Recently, MiniMax announced the launch of its new model, MiniMax-M1, which is the world's first open-source large-scale hybrid architecture inference model. It has demonstrated outstanding performance in productivity-oriented complex scenarios and stands out among open-source models. MiniMax-M1 not only surpasses domestic closed-source models but also approaches the level of the most advanced overseas models while maintaining the highest cost-effectiveness in the industry.

A notable feature of MiniMax-M1 is its support for up to 1 million context inputs, comparable to Google Gemini2.5Pro, eight times that of DeepSeek R1, and capable of outputting up to 80,000 tokens of reasoning results. This achievement is due to MiniMax's proprietary hybrid architecture, primarily featuring lightning attention mechanisms, significantly improving efficiency when handling long context inputs and deep reasoning. For example, when performing deep reasoning with 80,000 tokens, MiniMax-M1 requires only about 30% of the computing power of DeepSeek R1, thus offering computational efficiency advantages during both training and reasoning processes.

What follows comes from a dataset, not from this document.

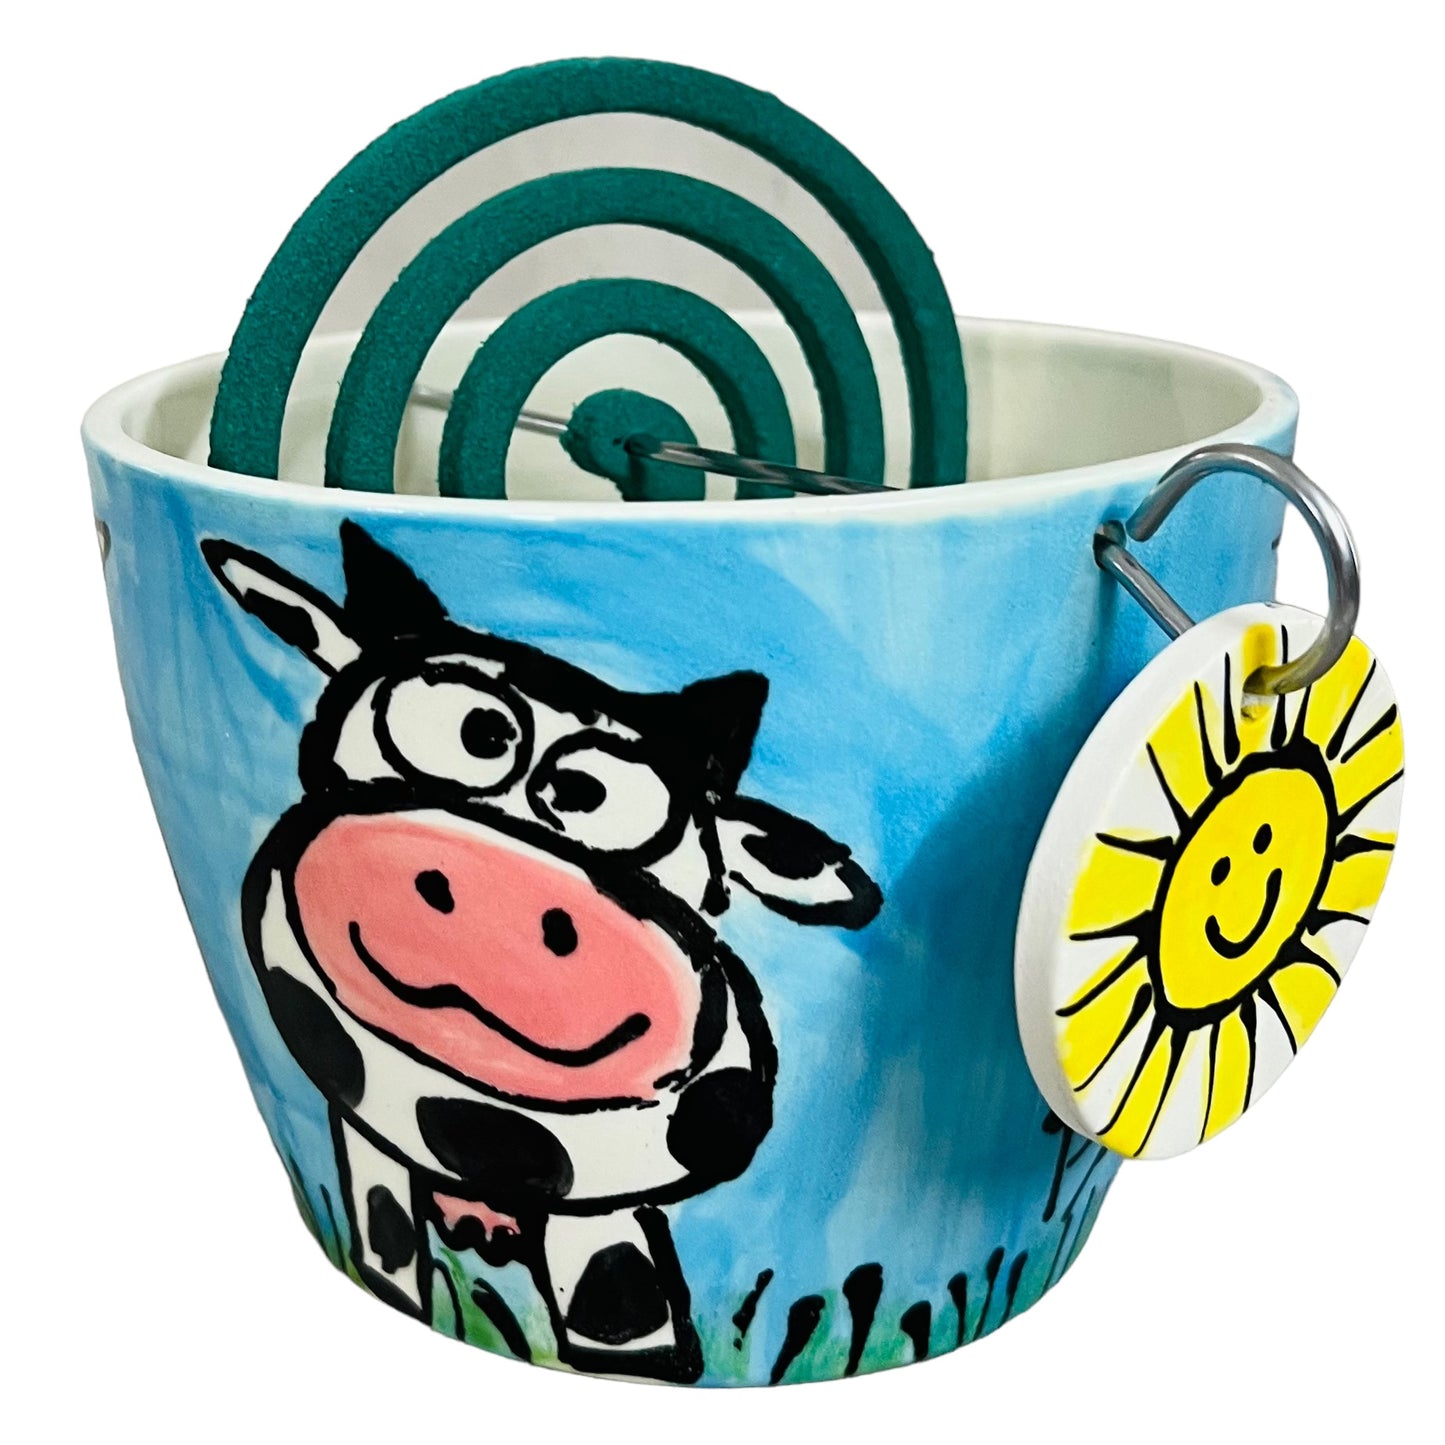 Cow Mosquito Coil holder

WeChat_Screenshot_20250617090813.png

In addition, MiniMax proposed a faster reinforcement learning algorithm called CISPO, which improves reinforcement learning efficiency by pruning importance sampling weights. In AIME experiments, the convergence performance of the CISPO algorithm was twice as fast as other reinforcement learning algorithms, including DAPO recently proposed by ByteDance, significantly outperforming GRPO algorithms used earlier by DeepSeek. These technological innovations made the reinforcement training process of MiniMax-M1 extremely efficient, completing it in just three weeks using 512 H800s, with rental costs significantly reduced, being one order of magnitude lower than expected.

In terms of evaluation, MiniMax-M1 achieved excellent results on 17 mainstream evaluation sets in the industry. Especially in productivity-oriented complex scenarios such as software engineering, long context, and tool usage, MiniMax-M1 demonstrated significant advantages. For instance, on the SWE-bench validation benchmark, MiniMax-M1-40k and MiniMax-M1-80k scored 55.6% and 56.0%, respectively, slightly lower than DeepSeek-R1-0528’s 57.6%, but significantly outperformed other open-source weight models. Meanwhile, leveraging its million-level context window, MiniMax-M1 excelled in long context understanding tasks, surpassing all open-source weight models and even surpassing OpenAI o3 and Claude4Opus in some aspects, ranking second globally.

It is worth mentioning that MiniMax-M1 also leads all open-source weight models in the agent tool usage scenario (TAU-bench) and defeated Gemini-2.5Pro. Additionally, MiniMax-M1-80k consistently outperformed MiniMax-M1-40k in most benchmark tests, fully verifying the effectiveness of expanding computational resources during testing.

In terms of price, MiniMax-M1 maintains the lowest price in the industry. Users can use this model without limit for free on the MiniMax APP and Web and purchase API services at highly competitive prices through the official website. This initiative will undoubtedly further promote the popularization and application of MiniMax-M1 in the market.